Church v. Rouillard

Decision Date06 March 2019
Docket NumberNo. 2:15-cv-02165-KJM-EFB,2:15-cv-02165-KJM-EFB
CourtU.S. District Court — Eastern District of California
Parties Foothill CHURCH, Calvary Chapel Chino Hills, and Shepherd of the Hills Church, Plaintiffs, v. Michelle ROUILLARD, in her official capacity as Director of the California Department of Managed Health Care, Defendant.

Alexander Miles Medina, Medina McKelvey LLP, Roseville, CA, Erik Stanley, Pro Hac Vice, Jeremiah Galus, Pro Hac Vice, Kevin Hayden Theriot, Pro Hac Vice, Alliance Defending Freedom, Scottsdale, AZ, for Plaintiffs.

Hadara Rachel Stanton, Joshua Sondheimer, Attorney General's Office for the State of California Department of Justice, San Francisco, CA, for Defendant.

ORDER

Kimberly J. Mueller, UNITED STATES DISTRICT JUDGE

This action arises from letters the California Department of Managed Health Care ("DMHC") issued to seven private health insurers, which required them to remove any limitations on or exclusions of abortion services from the health care coverage they offer. Second Am. Compl. ("SAC"), Ex. 1, ECF No. 72-1. Plaintiffs Foothill Church, Calvary Chapel Chino Hills and Shepherd of the Hills Church ("plaintiffs"), three churches who offer their employees DMHC-regulated health coverage through these insurers, filed this action against defendant Michelle Rouillard ("defendant"), Director of the DMHC, alleging the letters violate the plaintiffs' constitutional rights under the First and Fourteenth Amendments. This matter is before the court on defendant's motion to dismiss the Second Amended Complaint. Mot., ECF No. 75. Plaintiffs oppose the motion. Opp'n, ECF No. 77. Defendant has replied. Reply, ECF No. 78. The motion was submitted without oral argument and, as explained below, the court GRANTS the motion.

I. STATUTORY FRAMEWORK

In California, the DMHC and the California Department of Insurance ("CDI") oversee regulation of the health care industry. The DMHC regulates "health care service plans" under the Knox Keene Health Care Service Plan Act of 1975 ("Knox Keene Act"), Cal. Health & Safety Code §§ 1340 et seq. The Knox Keene Act defines "health care service plans" as "[a]ny person who undertakes to arrange for the provision of health care services to subscribers or enrollees, or to pay for or to reimburse any part of the cost for those services, in return for a prepaid or periodic charge paid by or on behalf of the subscribers or enrollees." Cal. Health & Safety Code § 1345(f)(1). Health maintenance organizations ("HMOs") and other structured managed care organizations ("MCOs") are "health care service plans" under this definition. Rea v. Blue Shield of Cal. , 226 Cal. App. 4th 1209, 1215, 172 Cal.Rptr.3d 823 (2014).

The Knox Keene Act requires a person to secure a license from the Director of the DMHC before offering a health care service plan.

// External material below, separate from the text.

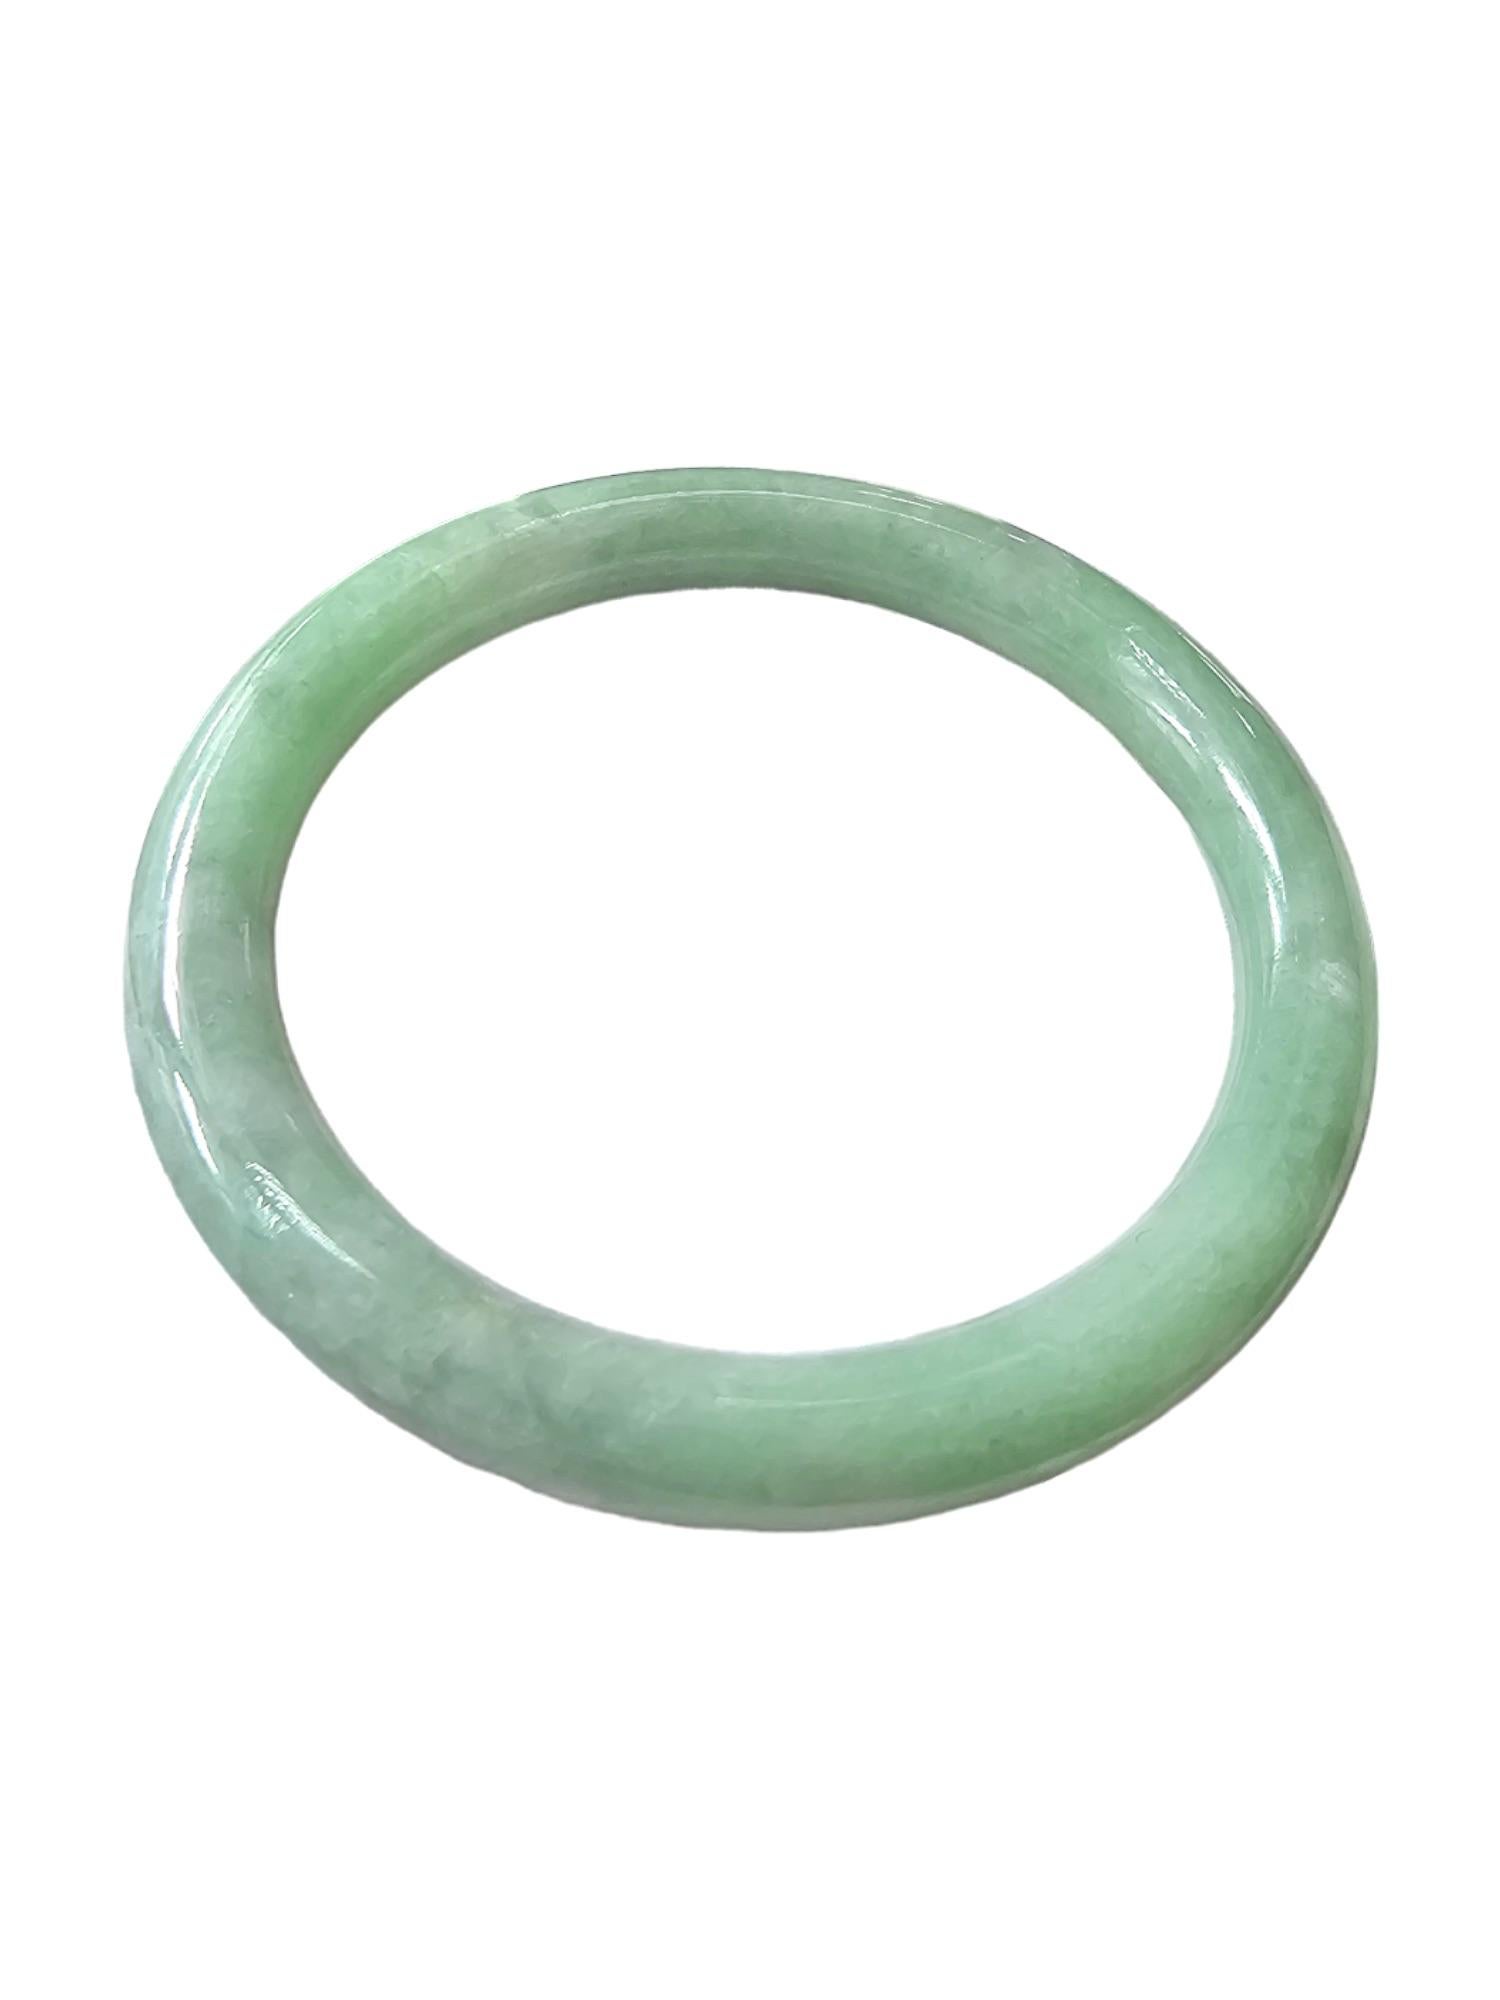 Women's or Men's Earth's Burmese A-Jade Bangle Bracelet Green Jadeite 08809 For Sale
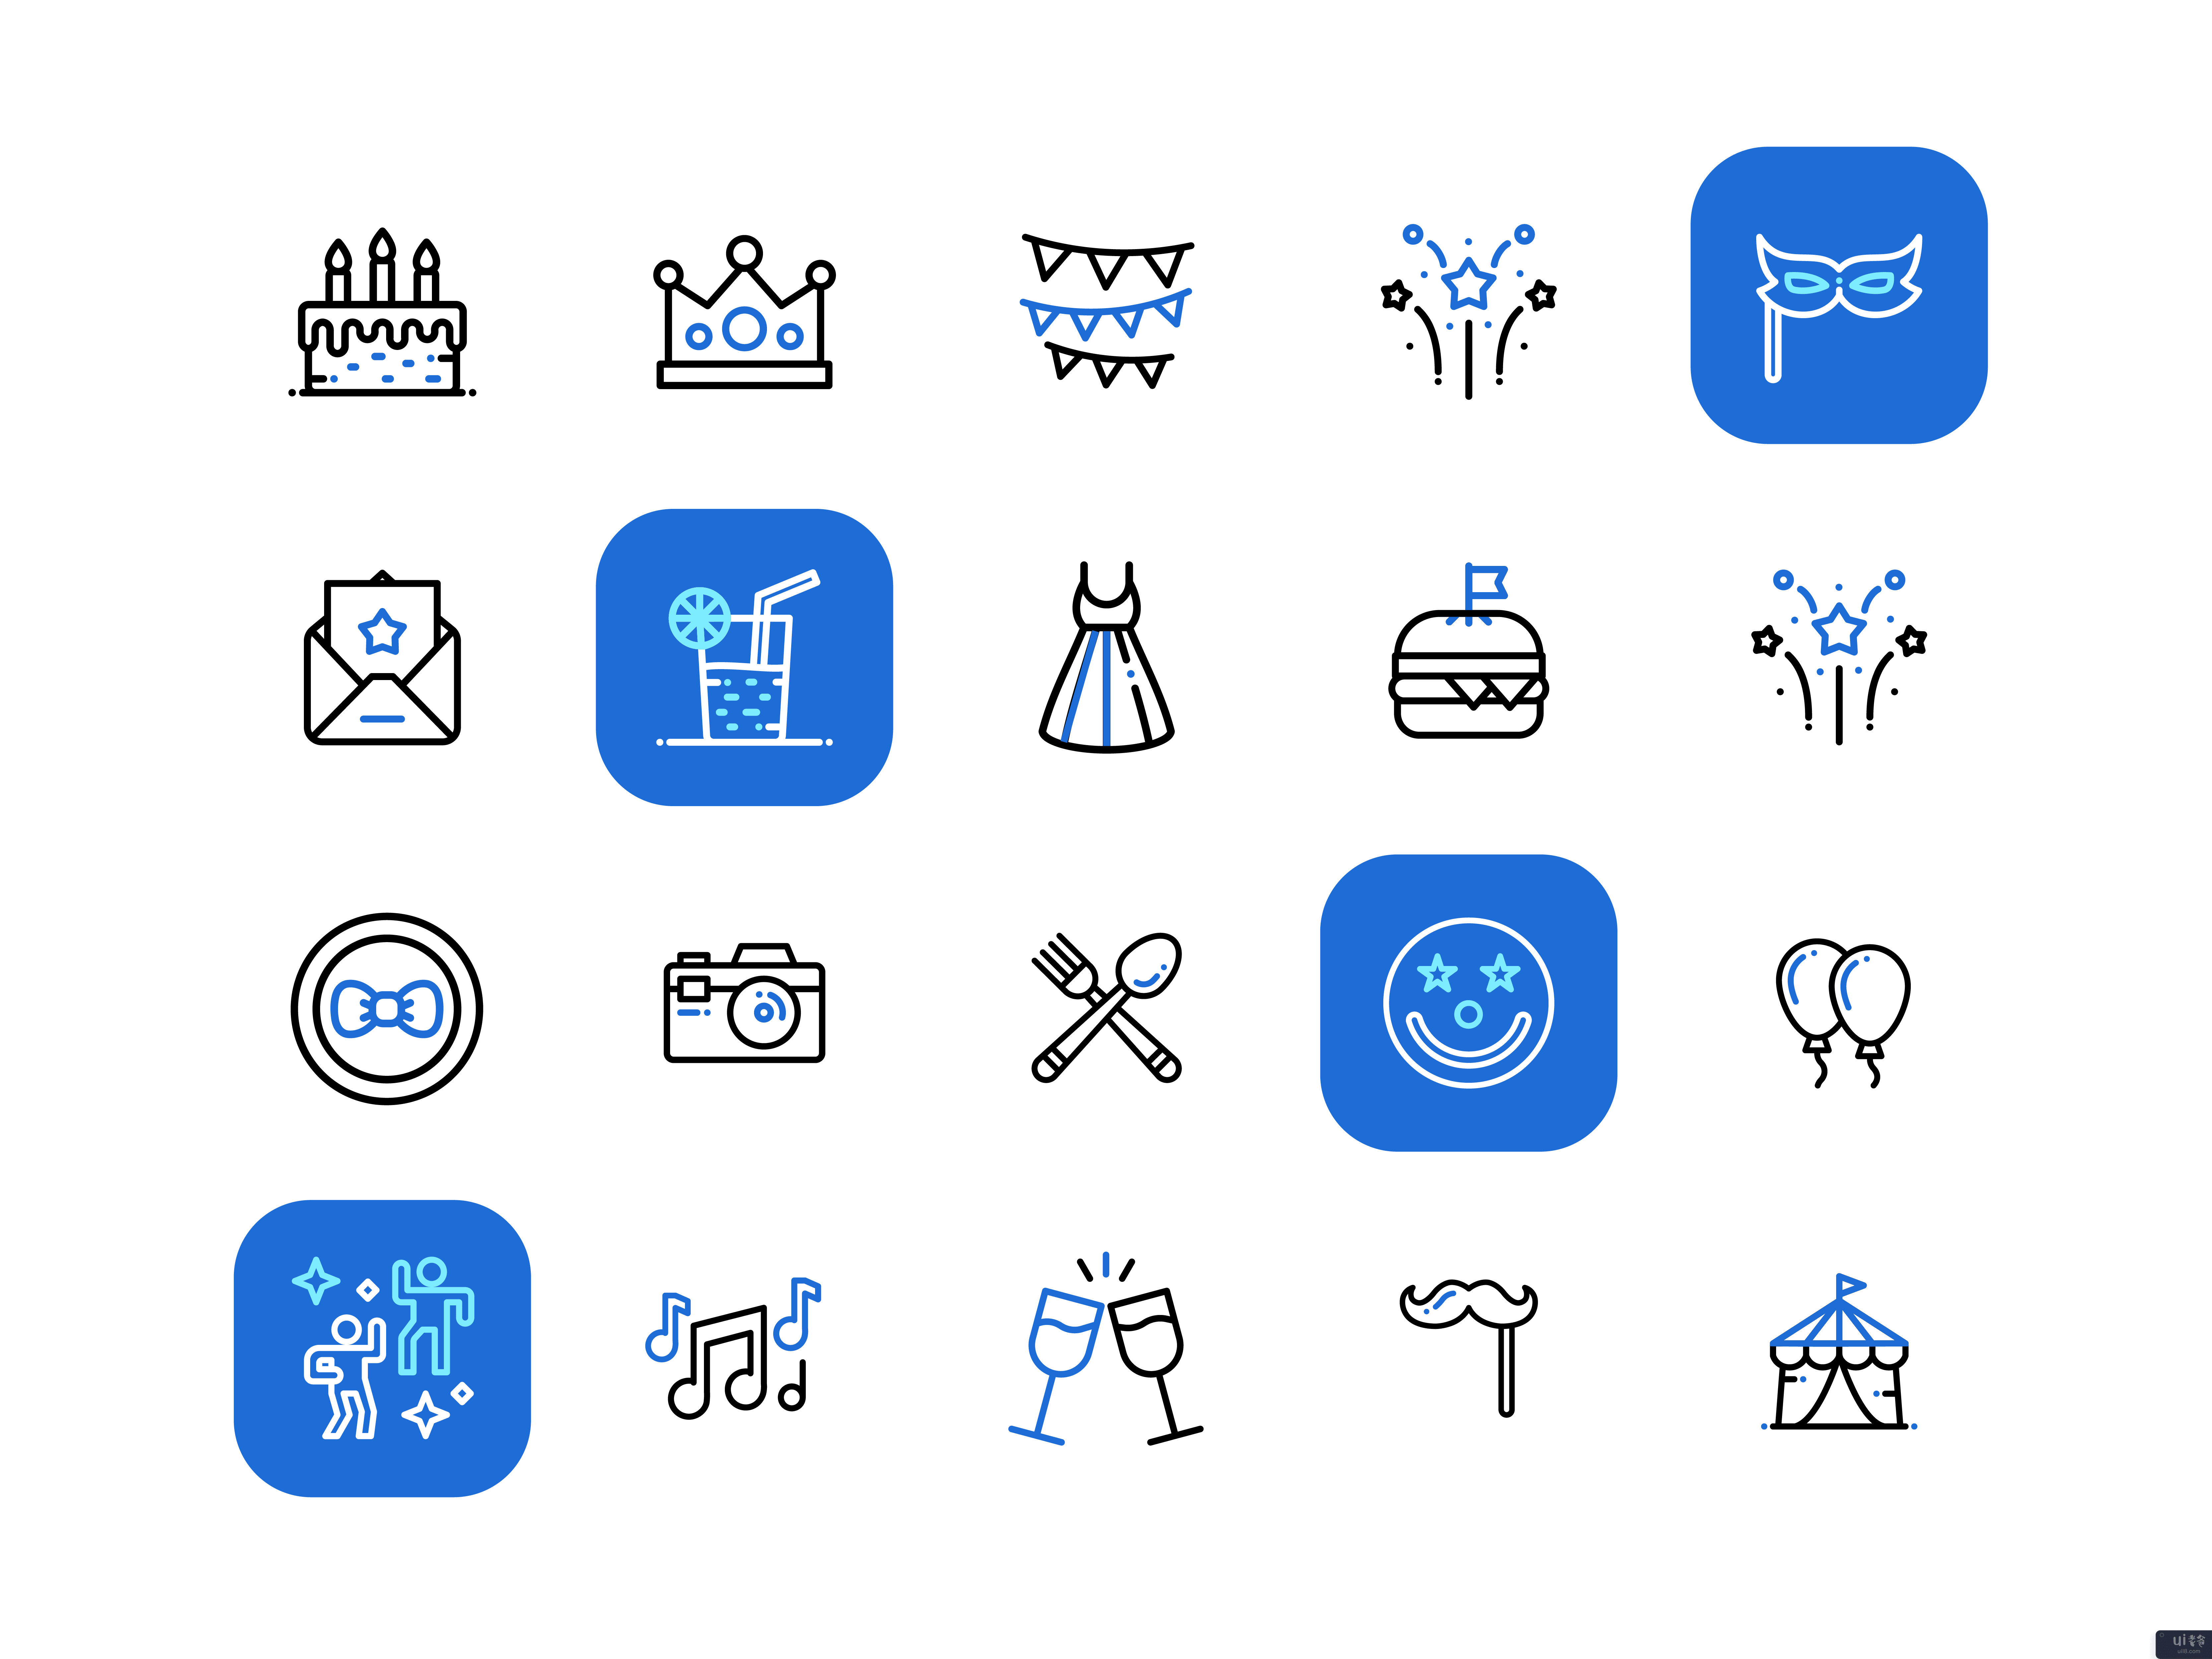 生日、派对、活动和庆典图标包 - 高级图标包(Birthday, Party, Event and Celebration Icon Pack - Premium Icon Pack)插图

Cal. Health & Safety Code § 1349. One requirement for licensure is that "a health care service plan contract [must] provide to subscribers and enrollees all the basic health care services" specified in the statute. Id. § 1367(i). Relevant to this action, the defendant has promulgated regulations defining the scope of this requirement to include "a variety of voluntary family planning services." Cal. Code Regs. tit. 28, § 1300.67(f)(2). The letters assert that, in conjunction with "the California Reproductive Privacy Act and multiple California judicial decisions that have unambiguously established under the California Constitution that every pregnant woman has the fundamental right to choose to either bear a child or to have a legal abortion," the Knox Keene Act requires health care service plans to cover elective abortions. SAC, Ex. 1.

The Knox Keene Act provides for a number of categorical and individualized exemptions. For example, the Act offers religious employers exemptions from providing coverage for "FDA-approved contraceptive methods that are contrary to [their] religious tenets," Cal. Health & Safety Code § 1367.25(c), or coverage for "forms of treatment of infertility

in a manner inconsistent with [their] religious and ethical principles," id. § 1374.55(e).

II. FACTUAL AND PROCEDURAL BACKGROUND

On October 23, 2017, plaintiffs filed the operative Second Amended Complaint, ECF No. 72, which contains the following allegations largely paralleling the allegations of their original complaint and their First Amended Complaint ("FAC"). On August 22, 2014, the defendant Director of the DMHC sent letters to seven private health insurers stating the DMHC had reviewed their contracts and the relevant legal authorities and "concluded that it erroneously approved or did not object to" language in some previous evidence of coverage (EOC) filings that may discriminate against women by limiting or excluding coverage for terminations of pregnancies. SAC ¶¶ 4, 32 & Ex. 1.

Plaintiffs are three non-profit Christian churches located in Southern California. Id. ¶¶ 13–15. Each plaintiff has more than fifty full-time employees and must, therefore, provide health coverage for its employees under the federal Patient Protection and Affordable Care Act of 2010. Id. ¶¶ 54–55. The Churches offer health insurance plans to their employees through various insurers, each of which received a letter from the DMHC as described above. Id. ¶ 32 & Ex. 1. Plaintiffs all hold what they describe as "historic and orthodox" Christian teachings on the sanctity of human life. Id. ¶ 18. They "believe and teach that abortion destroys an innocent human life" and that "participation in, facilitation of, or payment for an abortion that violates their religious beliefs is itself sin." Id. ¶¶ 20–21. In furtherance of these beliefs and principles, plaintiffs consulted with their insurance brokers and/or insurers in an effort to provide employee group health plans that do not pay for abortions. Id. ¶¶ 28–30. However, plaintiffs' insurance brokers and/or insurers have informed them that the DMHC's letters prevent their group health insurance plans from excluding or limiting coverage for abortions. Id. ¶ 31.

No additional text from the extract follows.